KEY TERMS & DEFINITIONS KEYWORDS

Material connections: Where materials, parts and components are connected to hold structures together.

Standardized connections: Simplified joining techniques to connect mass produced standardized parts and components. Typically these connections are already embedded in parts and components for economical and productive construction.

Joining techniques such as joinery, mechanical fasteners, adhesives, glues and so forth to connect machine-made standardized parts and components to construct a new whole.

Customized connections: Joining techniques to connect raw materials together.
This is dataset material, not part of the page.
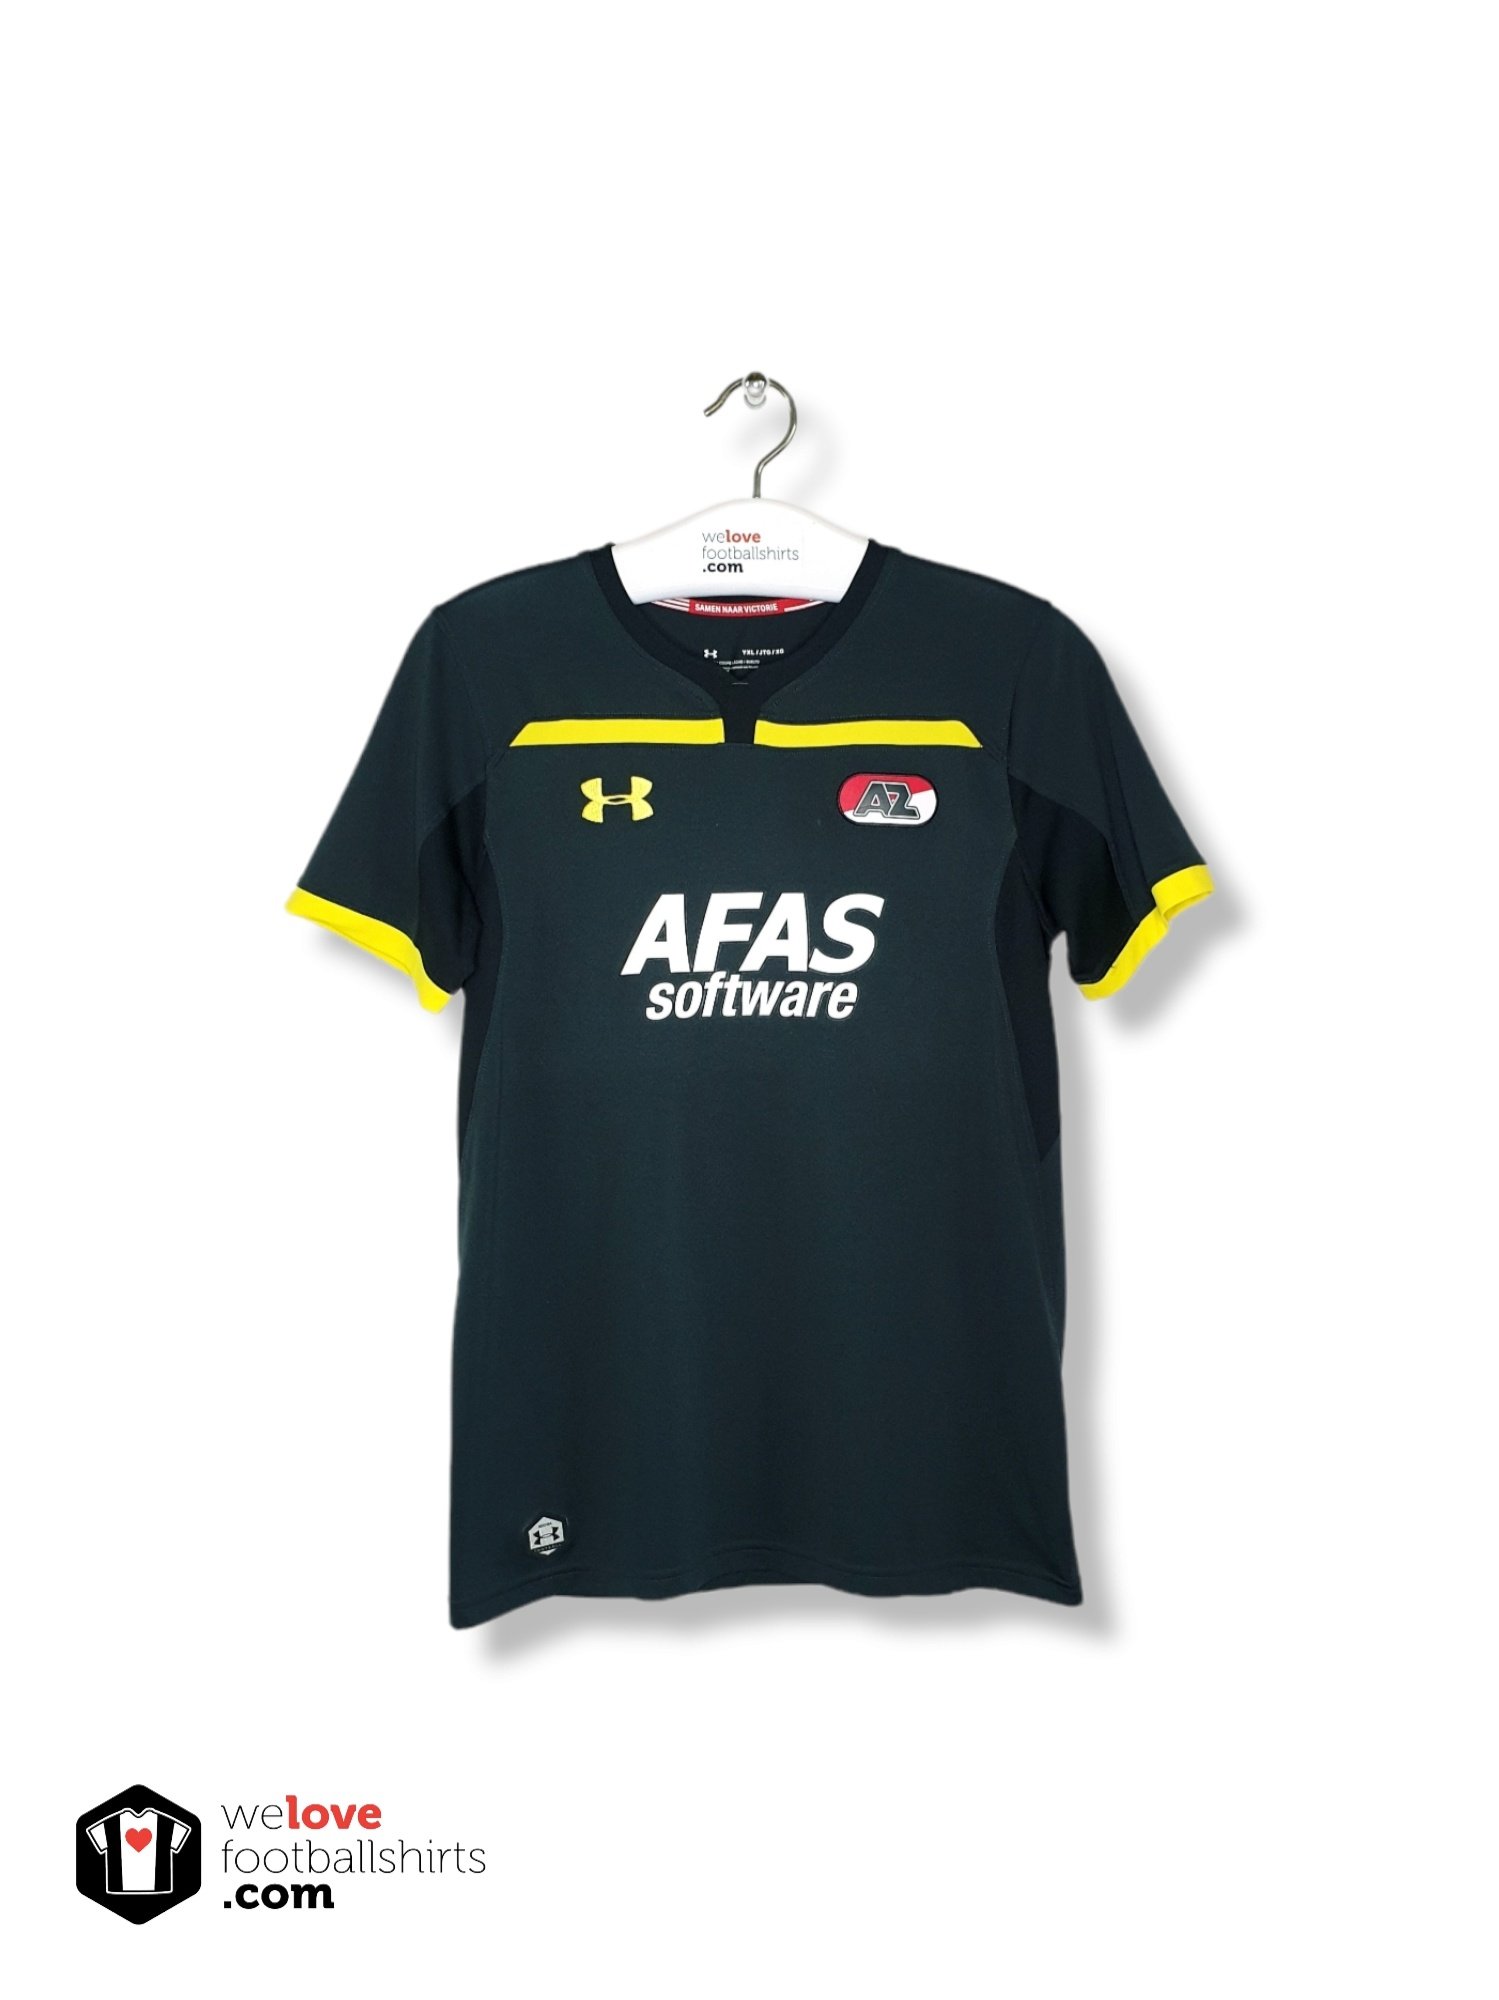 Kalmte slaaf het formulier Under Armour Football Shirt AZ Alkmaar 2017/18

Typically fabricators customize such joining to connect such non-standardized raw materials by manual analysis of material conditions.

Mass customized connections: Joining techniques customizing their typologies by automated analysis of material conditions.

Materiality: Materiality is defined with the most dominant properties among sensual properties (sight, touch, smell, taste, and hearing), technical properties (e.g. strength and elasticity) and expressive characteristics (organic, artificial).

Standardization: transforming diverse natural materials into regular, uniform, repeatable, measurable forms for rational construction and quality of artifacts.

Parts and components: standardized construction units typically mass produced by machine.

Mass customization: producing goods and services to meet individual customer's needs with near mass production efficiency.

Materiality: the most dominant properties of a material among sensual properties (sight, touch, smell, taste, and hearing), technical properties (e.g. strength and elasticity) and expressive characteristics (organic, artificial).

FGM (Functionally graded material): composite materials by varying the microstructure from one material to another with a specific gradient pattern or structure to improve functionality of materials.